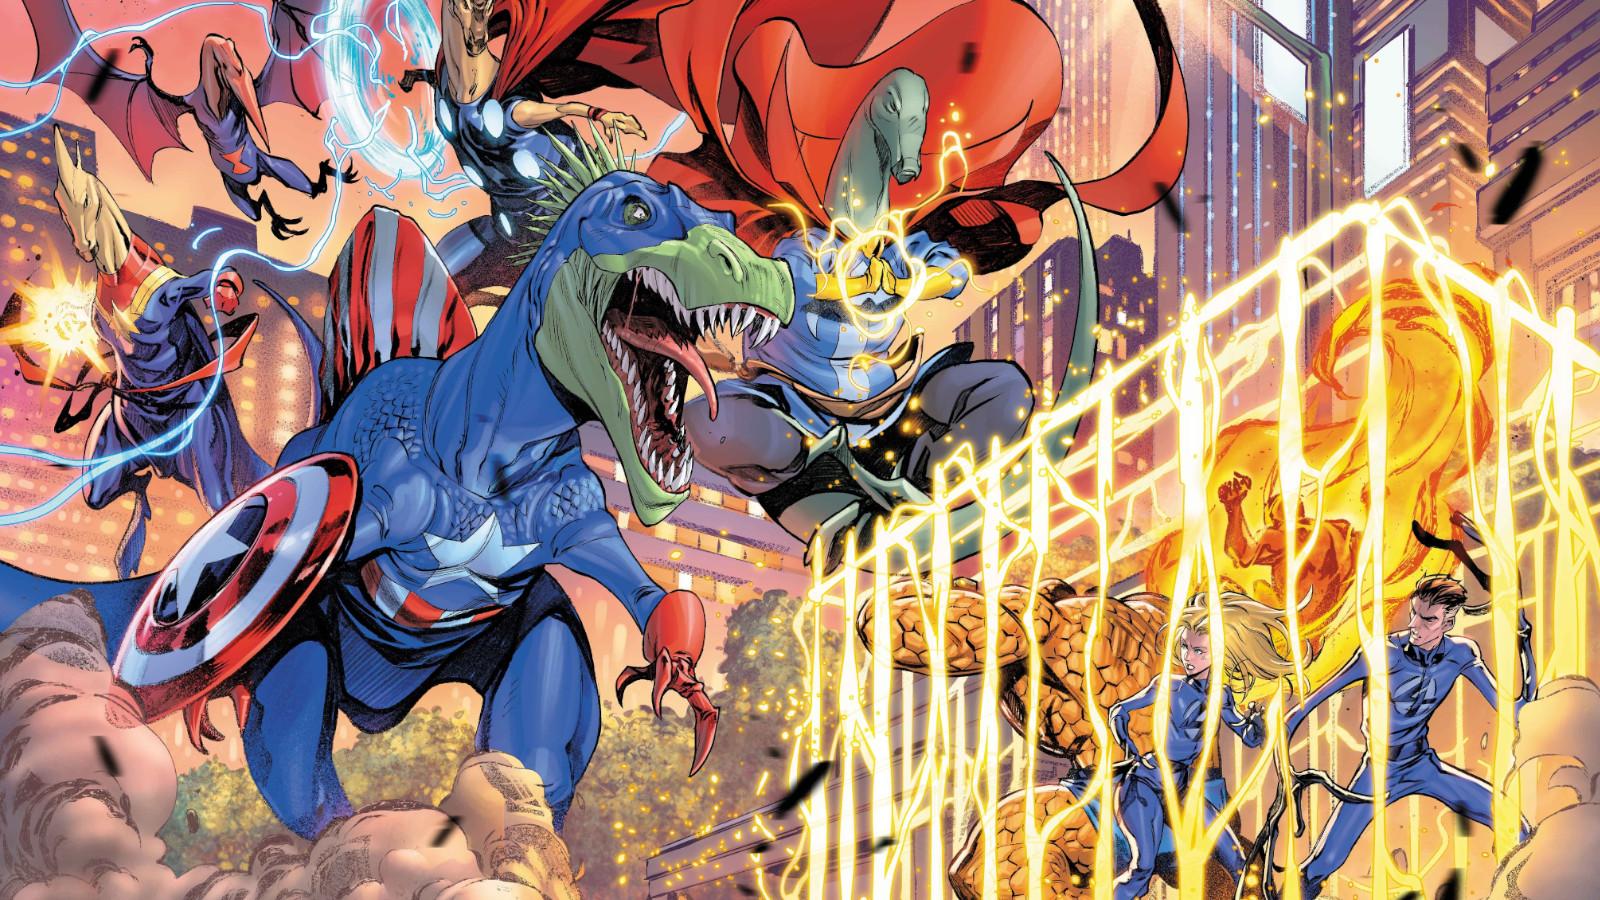 Dinosaur Avengers meet the Fantastic Four
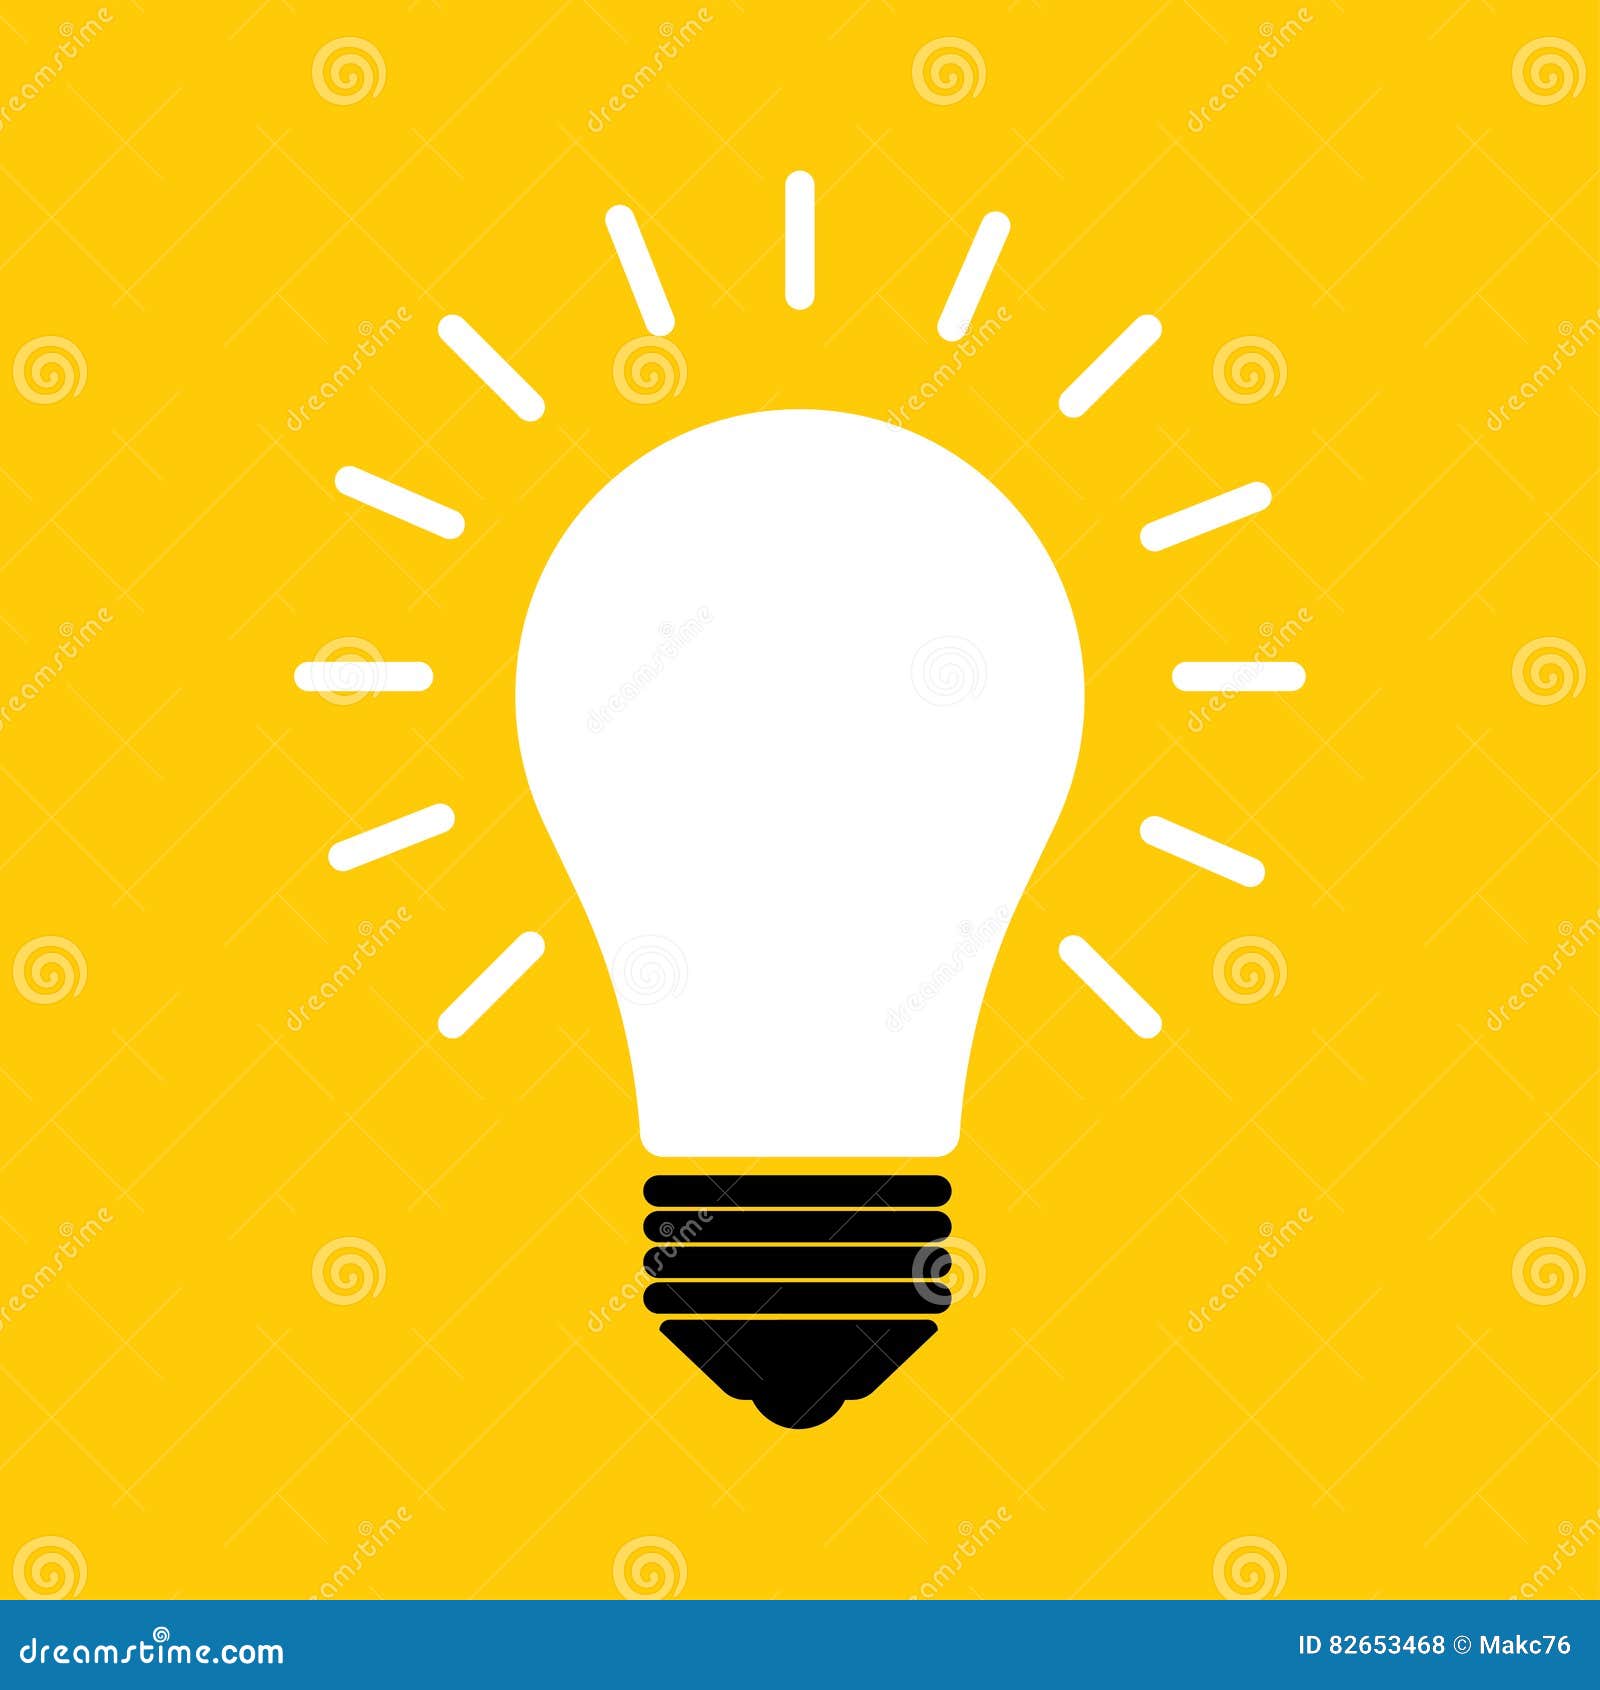 Simple Light Bulb Icon. Illustration Stock Vector - Illustration of icon, 82653468
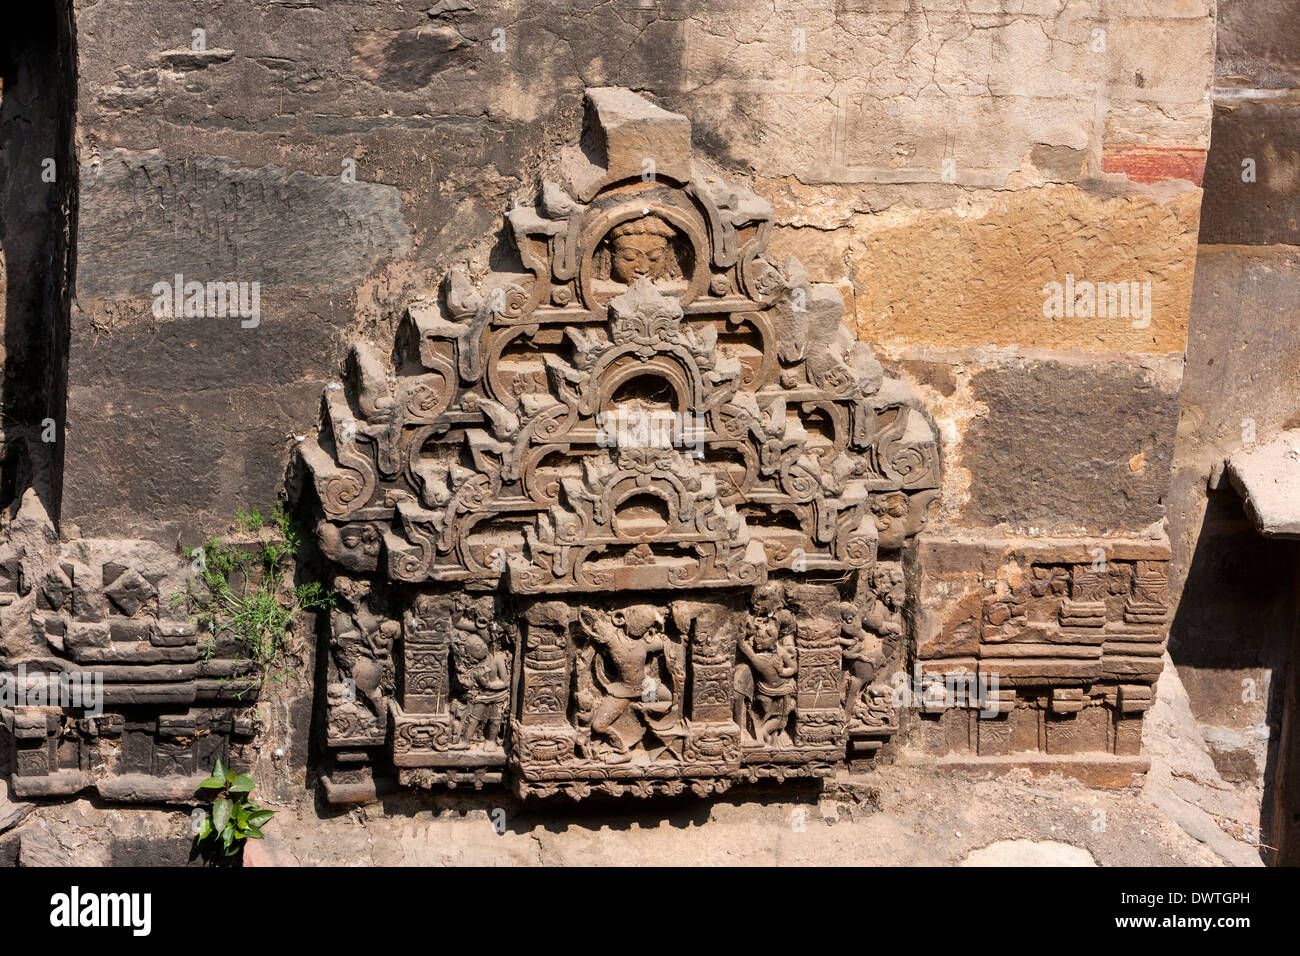 Komplizierte Steinschnitt des hinduistischen Motiven, Chand Baori Schritt gut, Abhaneri Dorf, Rajasthan, Indien. Gebauten 800-900A.D. Stockfoto

**ABOUT THIS EXERCISE:** Retype the data shown above exactly, excluding any picture it contains.

**THE COMPLETED TASK:**
 Dinosaur Avengers meet the Fantastic Four
 Simple Light Bulb Icon. Illustration Stock Vector - Illustration of icon, 82653468
 Komplizierte Steinschnitt des hinduistischen Motiven, Chand Baori Schritt gut, Abhaneri Dorf, Rajasthan, Indien. Gebauten 800-900A.D. Stockfoto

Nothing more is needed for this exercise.